A phase III study looks at the efficacy and safety of rituximab biosimilar CT-P10 in patients with follicular lymphoma.
Monotherapy with CT-P10, a monoclonal antibody that targets CD20 and is designed to be a biosimilar of rituximab, resulted in similar efficacy and safety as treatment with rituximab in a phase III study of patients with low-tumor-burden follicular lymphoma.
The proportion of patients achieving an overall response at 7 months, the study’s primary endpoint, was similar between patients treated with CT-P10 (83%) and those treated with rituximab (81%).
Based on these results, published in Lancet Hematology, Michinori Ogura, MD, of Kasugai Municipal Hospital, Japan, and colleagues concluded that “CT-P10 monotherapy is suggested as a new therapeutic option for patients with low-tumor-burden follicular lymphoma.”
In a comment published with the study, Brian K. Link, MD, of University of Iowa Hospitals, noted that current consensus “would discount overall response at 7 months as an effective endpoint when trying to identify strategies that improve outcomes in patients with follicular lymphoma.” However, the importance of the trial by Ogura et al is the identification of treatment options at sustainable costs that do not sacrifice safety or efficacy, he wrote.
“From 2011–2016, the US health care system spent more money (US$3.5 billion mean annual expenditure) on rituximab than any other antineoplastic biologic,” Link wrote. “Ogura and colleagues point out that biosimilar drugs are generally associated with a 20%–35% reduction in price vs the originator product, and although their study reports no data on cost reduction, others have estimated that a 20% reduction in the price of five leading off-patent biopharmaceuticals could result in savings in excess of €1.6 billion in the European Union and in the range of US$9–12 billion for the US Federal Government over the next 10 years.”
“With the results from Ogura and colleagues' study, one can reasonably conclude that in patients with low-tumor-burden follicular lymphoma, little is risked by using CT-P10 vs other choices when choosing an anti-CD20 antibody as monotherapy,” Link wrote.
The phase III study included 402 adult patients with stage II-IV low-tumor-burden follicular lymphoma who were randomly assigned to CT-P10 or rituximab. Patients with disease control after induction continued on maintenance CT-P10 or rituximab. If initial maintenance was completed, patients could have a second year of maintenance with CT-P10.
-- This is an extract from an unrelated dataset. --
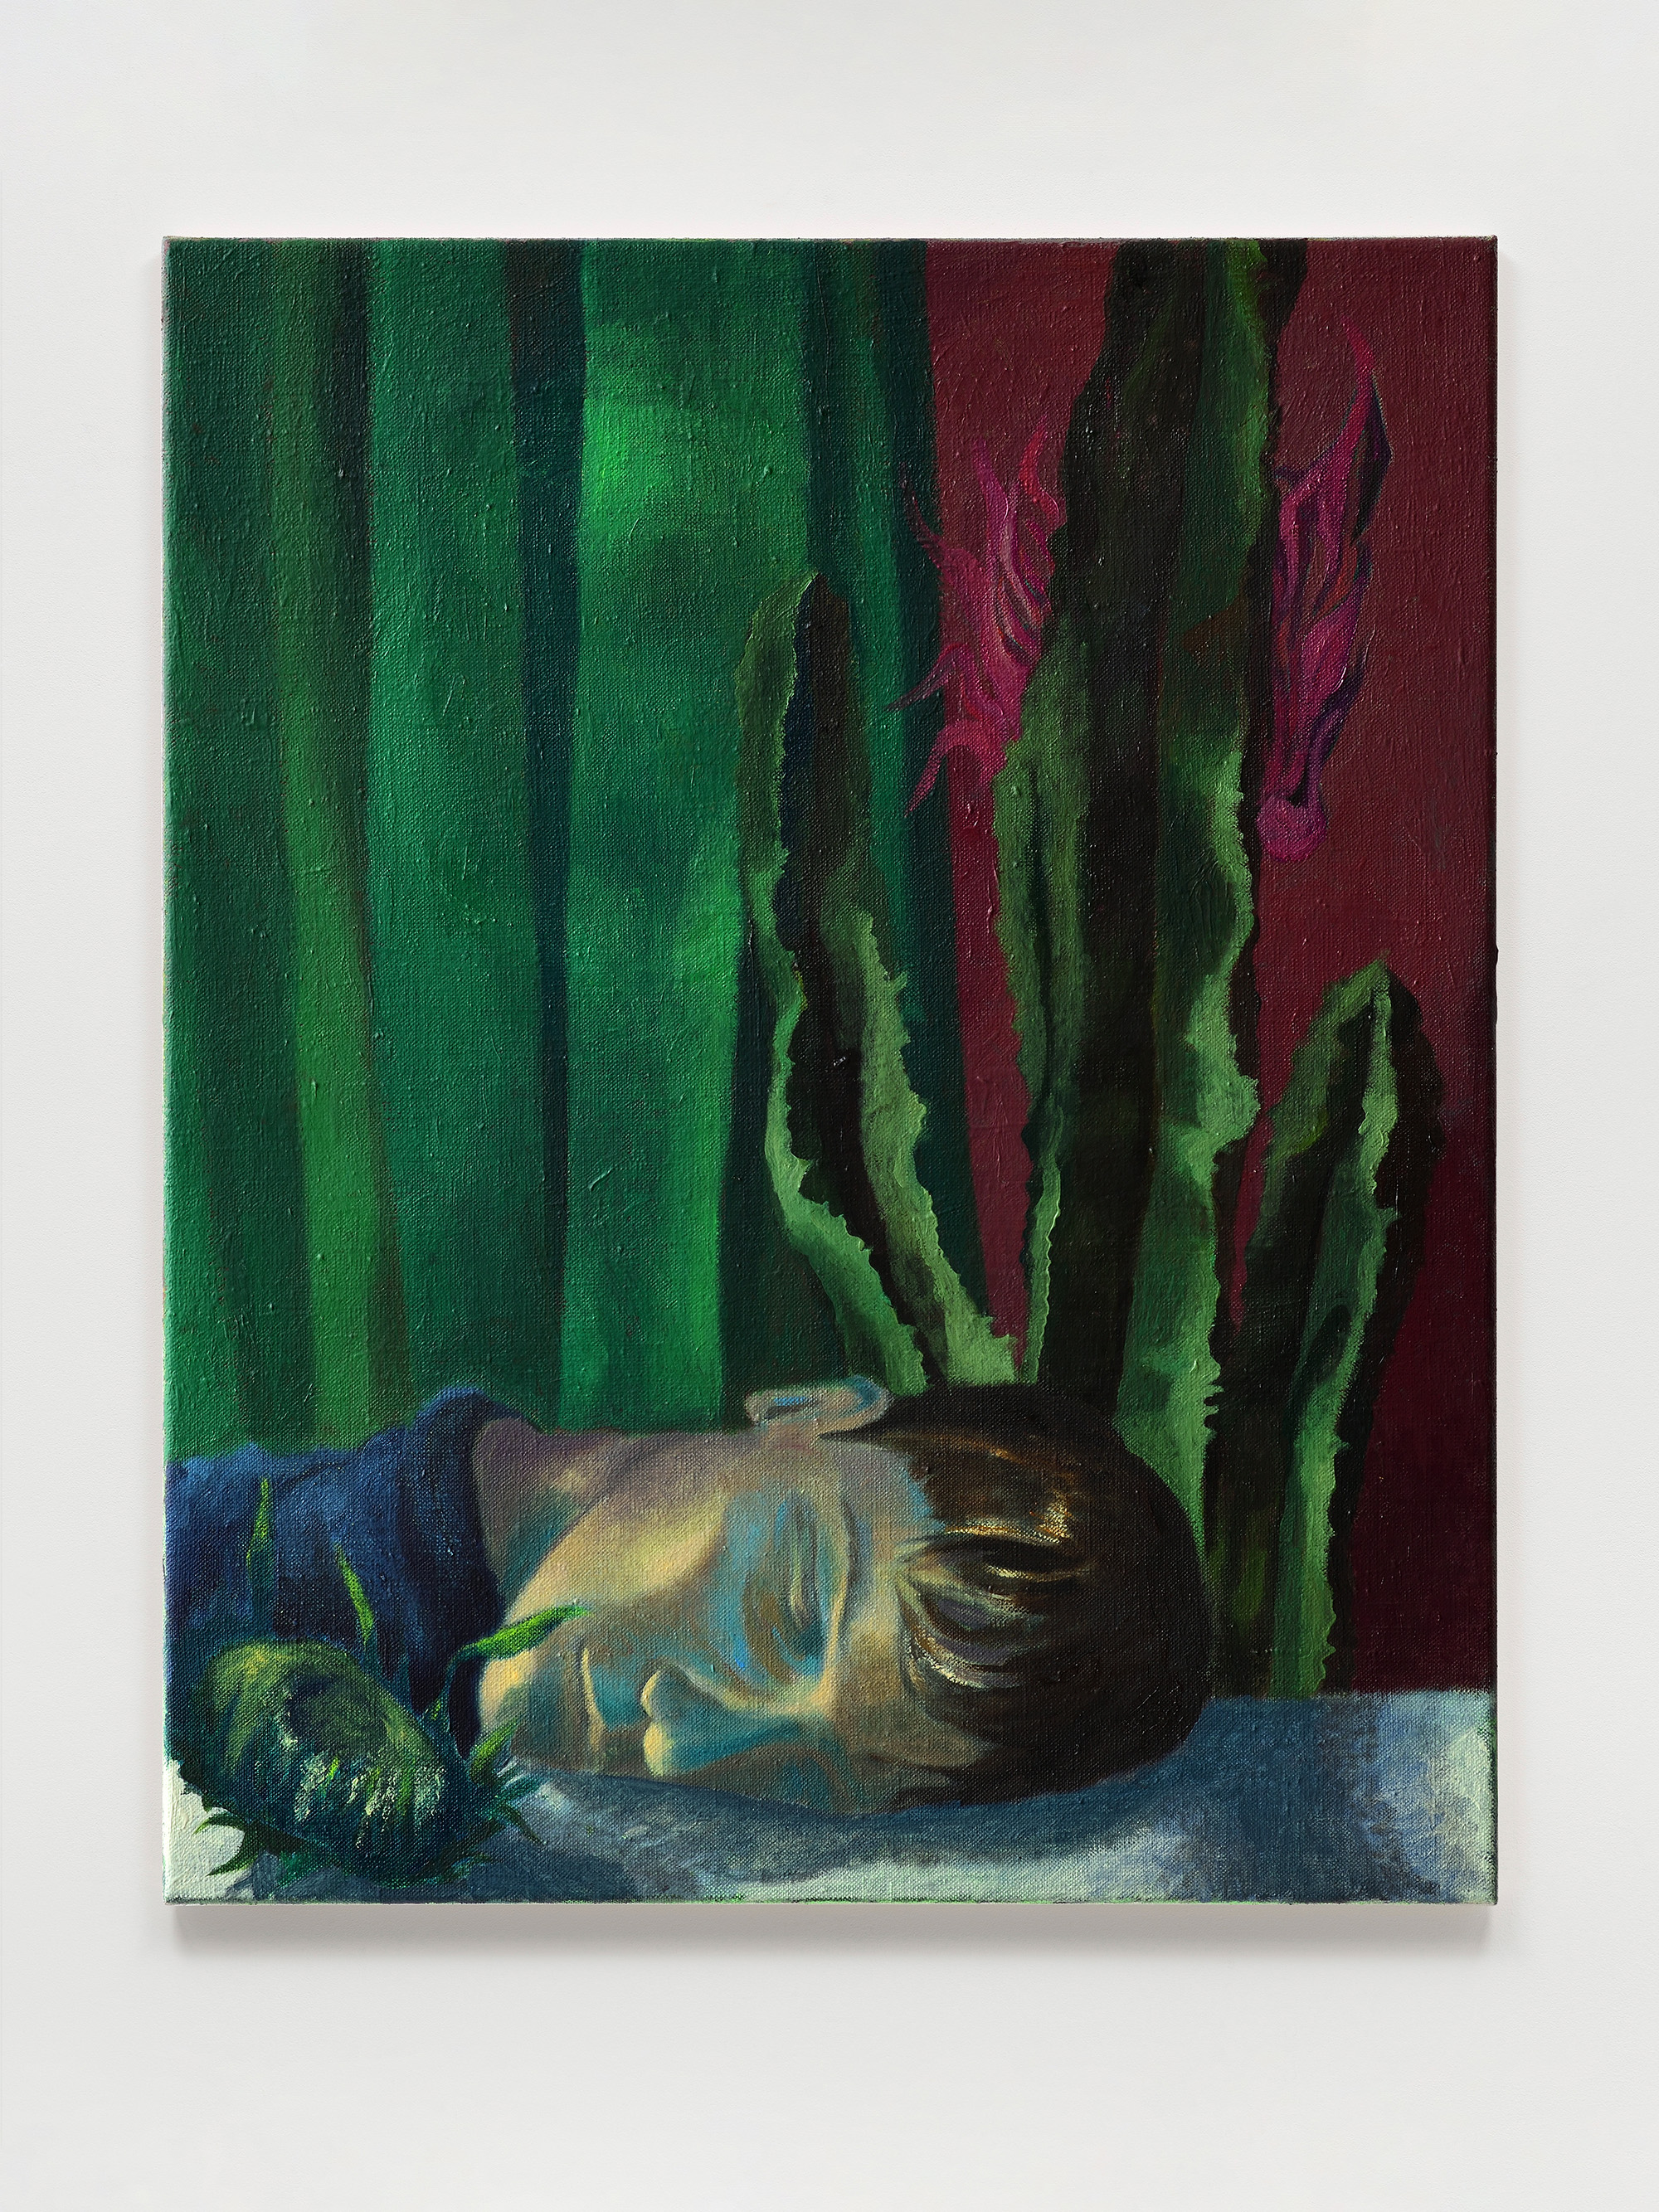 Alessandro Fogo, Sleeper, 2023
Oil on linen, 50 x 40 cm, 19 3/4 x 15 3/4 in.

The median follow-up was 6.25 months. Overall response at month 7 was similar between the two treatment arms with a treatment difference estimate of 1.8% (83% vs 81%; 90% CI, 6.43–10.20). Therapeutic equivalence was shown as the 90% CIs were within the prespecified margin of 17%.
Common grade 3/4 adverse events were decreased neutrophil count and neutropenia. Five percent of patients assigned CT-P10 and 2% of patient's assigned rituximab experienced at least one treatment-emergent serious adverse event.
“Rituximab monotherapy is a cost-effective strategy for induction treatment of asymptomatic follicular lymphoma as compared with a watchful waiting strategy, and is recommended treatment for this patient population according to guidance from the National Institute for Health and Care Excellence and National Comprehensive Cancer Network,” Ogura and colleagues wrote. “Results from our multinational, phase III, randomized controlled trial suggest a role for CT-P10 as a potential alternative to rituximab.”